Use cases beyond personalization:
Competitor analysis: "Visit this company's pricing page and extract their pricing tiers and feature lists."
Tech stack detection: "Visit this website and identify which analytics, CRM, and marketing tools they use based on page source and visible integrations."
Content research: "Find this company's most recent blog post and summarize its main topic."
Credit cost: Claygent uses more credits than standard enrichments (typically 5-10 credits per row). Use it selectively - run Claygent only on Tier 1 accounts that passed your scoring threshold, not on every lead.
PRO TIP
Credit Optimization Tricks
Clay credits are the main cost driver. Here is how to get maximum value:
Bring your own API keys. For providers like BuiltWith, Prospeo, Dropcontact, and Hunter - connect your own API keys in Clay settings. These enrichments use your provider subscription instead of Clay credits. If you already pay for Prospeo ($39/month for 5,000 lookups), route those lookups through your key instead of burning Clay credits.
Filter before enriching. Do not enrich every row in your table. Add filter conditions: only enrich companies with 50+ employees, only find contacts with VP or Director in the title, only run Claygent on accounts scoring 40+. Every filter saves credits on low-value leads.
Batch processing.
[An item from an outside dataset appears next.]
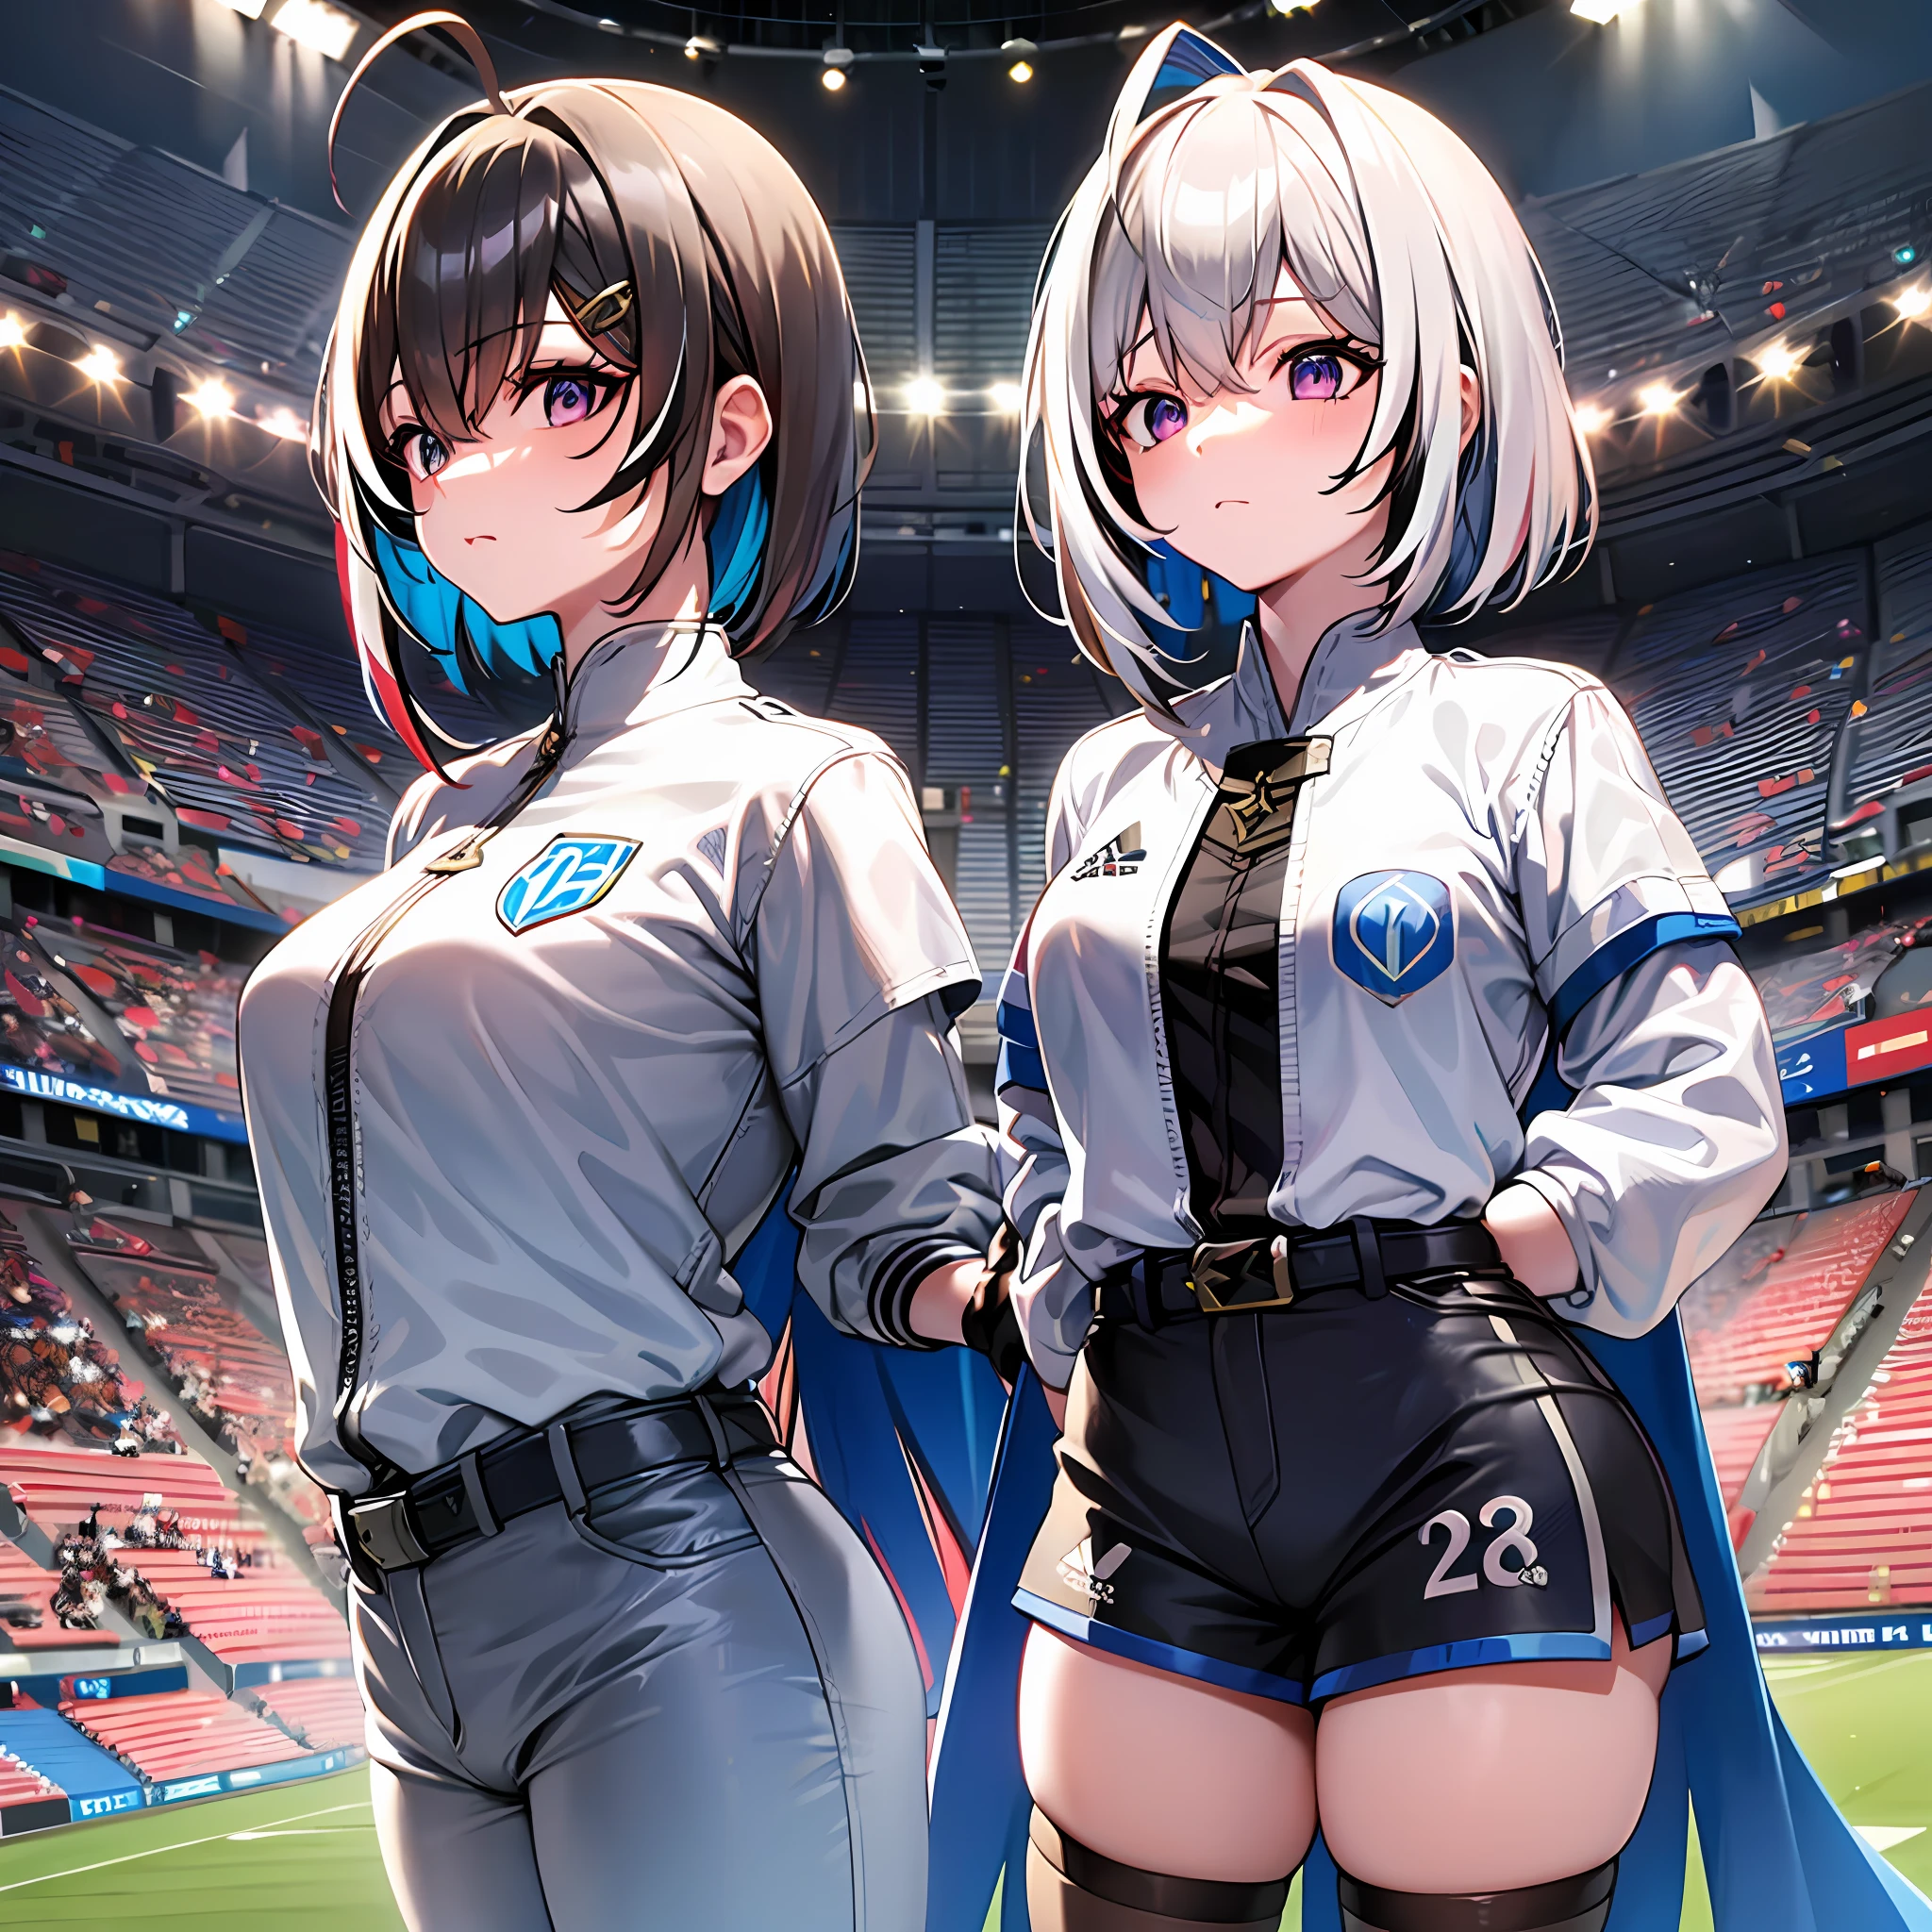 2d, masterpiece, best quality, anime, highly detailed face, highly detailed eyes, highly detailed background, perfect lighting, full body, 1 girl, nanashi mumei, wearing River Plate football club uniform, red vertical striped jersey and white shorts, white shorts and white socks,The shirt features equal-sized vertical stripes in red and white, alternating across the front and back, with the club crest located at the center of the chest.The shorts are white and the stockings are also white, without any additional detail or design), 2d, masterpiece, best quality, anime, highly detailed face, highly detailed eyes, highly detailed background, perfect lighting, full body, 1 girl, Amane Kanata , multicolored hair, asymmetrical hair, single hair, purple eyes, bracelet, short hair, blue hair, gray hair, socks, long sleeves, gray jacket, bob cut, long hair, bangs, ruffles, wide sleeves, white wings, with The football club uniform (SSC Napoli, a dark blue shirt, white shorts and blue socks, The shirt presents a simple design made in dark blue, with the club's crest located in the center of the chest. The shorts are white and the socks are blue, with a white detail on top), both in the center of the stadium (Mâs Monumental Stadium), looking at each other, with a serious and murderous expression. gaze, as she respectfully shakes hands, full distance view, 4k, 8k, hyper realistic, ultra detailed, illustration, high contrast

Upload your full lead list, run the cheap enrichments first (company name, industry, size), filter to qualified accounts, then run the expensive enrichments (email waterfall, Claygent research) only on the filtered set.
Template tables. Build your enrichment workflow once, save it as a template. New campaigns start from the template instead of rebuilding from scratch. This prevents mistakes that waste credits on misconfigured enrichments.
Monitor credit usage. Clay shows credit consumption per column. If one enrichment is burning credits without adding value (low fill rate, data you do not use), remove it from the waterfall.